Nach der ständigen Rechtsprechung des Bundessozialgerichts -BSG- (SozR 1500 § 161 Nrn 3, 5 und 29) muß sich aus der schriftlichen Zustimmungserklärung hinreichend deutlich ergeben, daß nicht nur der Revisionszulassung seitens des SG, sondern auch der Einlegung der Sprungrevision zugestimmt wird. Denn zwischen beiden Erklärungen besteht ein gravierender Unterschied. Die Zulassung der Revision zielt auf die Erweiterung der Rechtsmittelmöglichkeiten ab. Hingegen liegt in der Zustimmung zur Einlegung der Revision ein Rechtsverzicht. Dies schließt es in der Regel aus, eine Erklärung dahin. es werde der Zulassung der Sprungrevision zugestimmt, jedenfalls sofern sie vor der Zulassung seitens der ersten Instanz abgegeben wurde, als Zustimmung zur Einlegung der Sprungrevision auszulegen (st Rspr des BSG aaO).
Nach dem Wortlaut der Erklärung zur Niederschrift des SG "sämtliche Beteiligten beantragen übereinstimmend, die Revision unter Übergehung der Berufungsinstanz zum Bundessozialgericht zuzulassen", haben alle Beteiligten ihre Zustimmung nur für die Zulassung und nicht auch für die Einlegung der Sprungrevision erklärt. Der Wortlaut der niedergeschriebenen Erklärung ist eindeutig und läßt - zumal vor der Entscheidung des SG abgegeben - keine andere Auslegung zu. Rechtsunerheblich ist es auch, daß bei allen Beteiligten ein Interesse an einer höchstrichterlichen Klärung der Rechtsfrage bestanden haben soll. Selbst dann gestattet es die besondere Bedeutung, die der Rechtsmittelerklärung für die Rechtssicherheit zukommt, nicht, die Zustimmung der Klägerin zur Zulassung der Revision in eine weitergehende und sie belastende Zustimmung zur Einlegung der Revision des Gegners umzudeuten.

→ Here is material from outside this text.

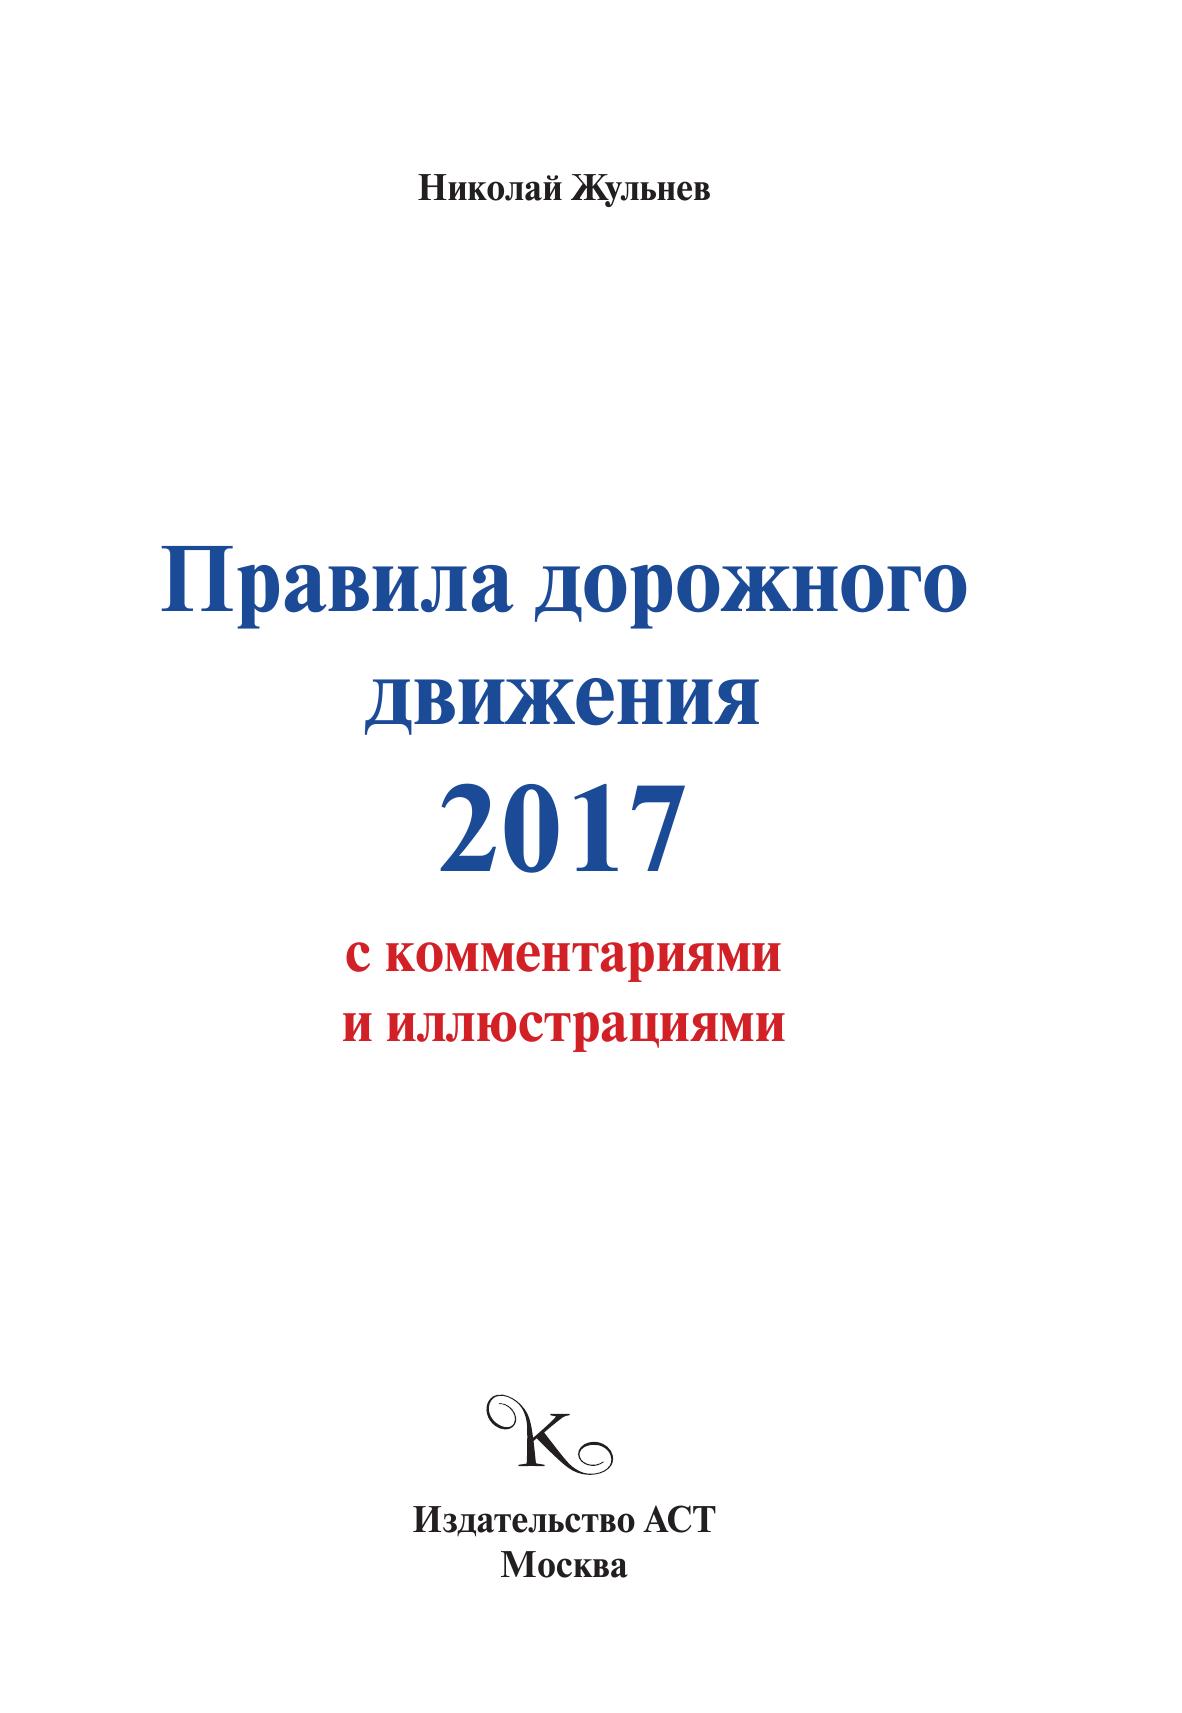 ПРАВИЛА ПДД 2017 С КОММЕНТАРИЯМИ И ИЛЛЮСТРАЦИЯМИ СКАЧАТЬ БЕСПЛАТНО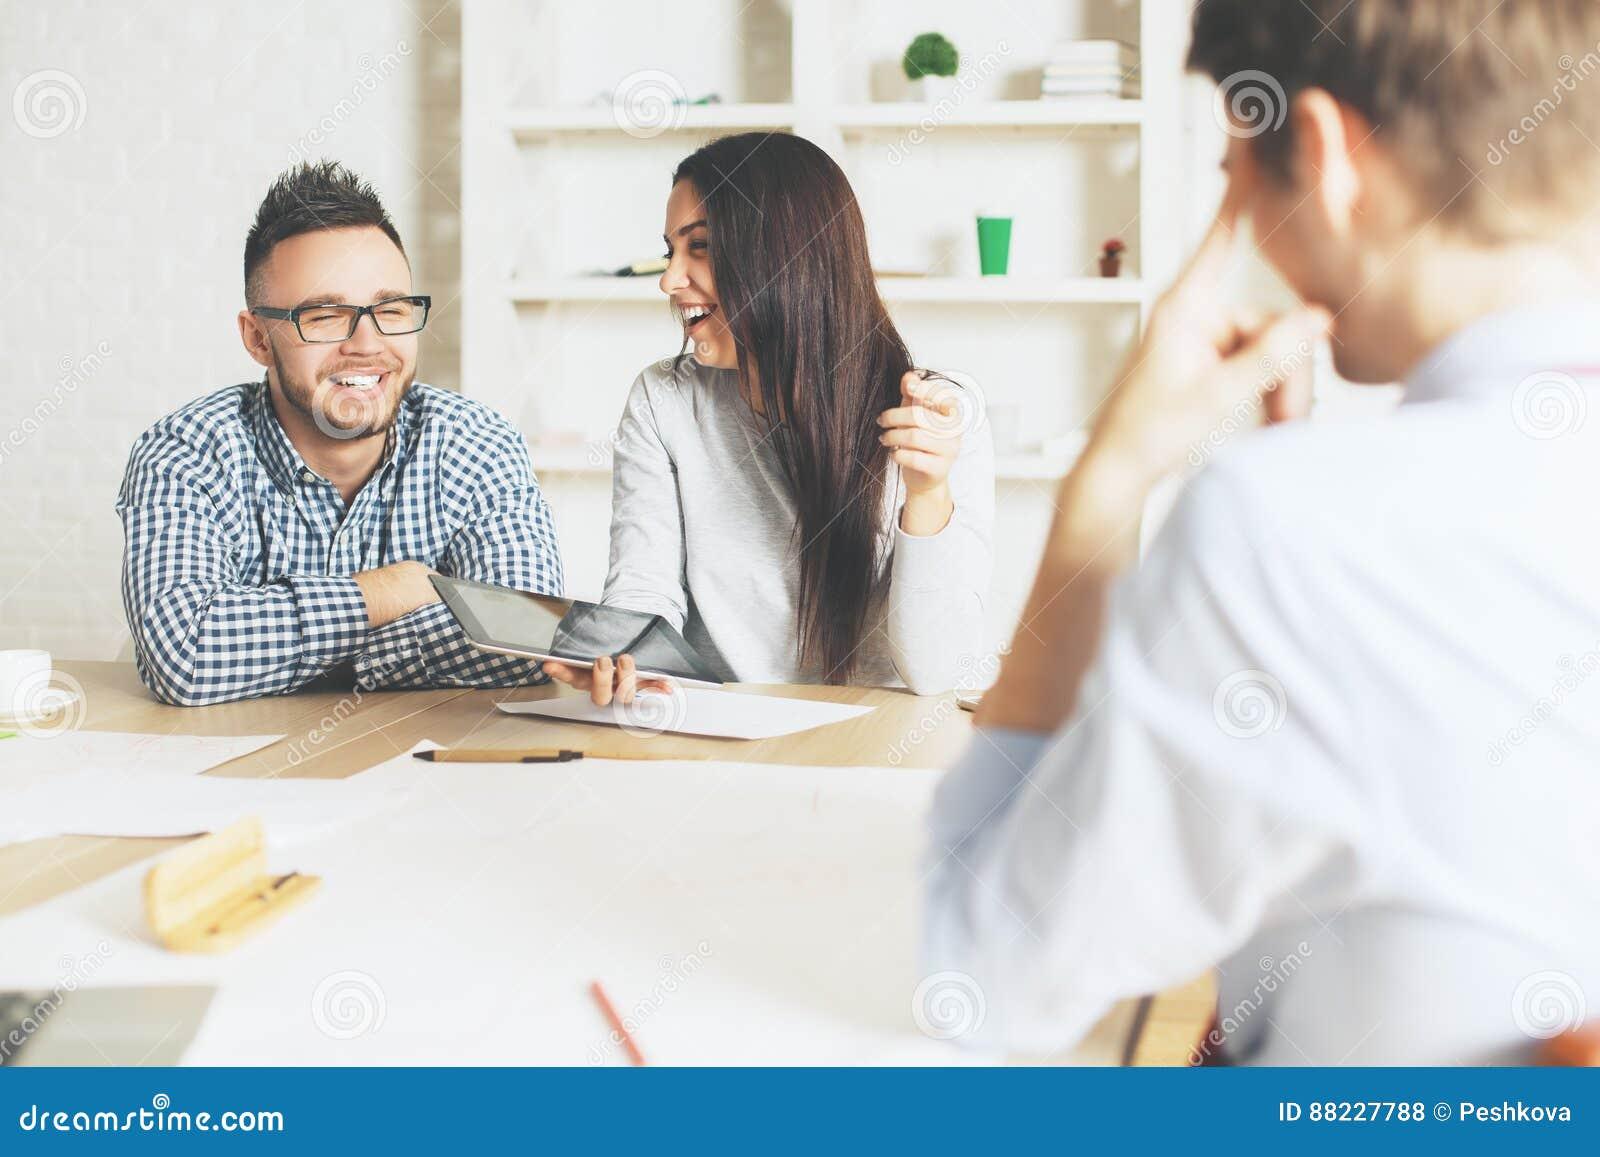 Homme et femme interviewés pour un travail

Aufgrund dessen war in der Sache nicht darüber zu befinden, ob gegebenenfalls Divergenz zu dem Urteil des BSG vom 11. April 1984 - 12 RK 74/82 - vorliegt.
Die Revision war durch Beschluß ohne Zuziehung der ehrenamtlichen Richter als unzulässig zu verwerfen (§ 169 Satz 2 SGG).
Die Kostenentscheidung beruht auf § 193 SGG.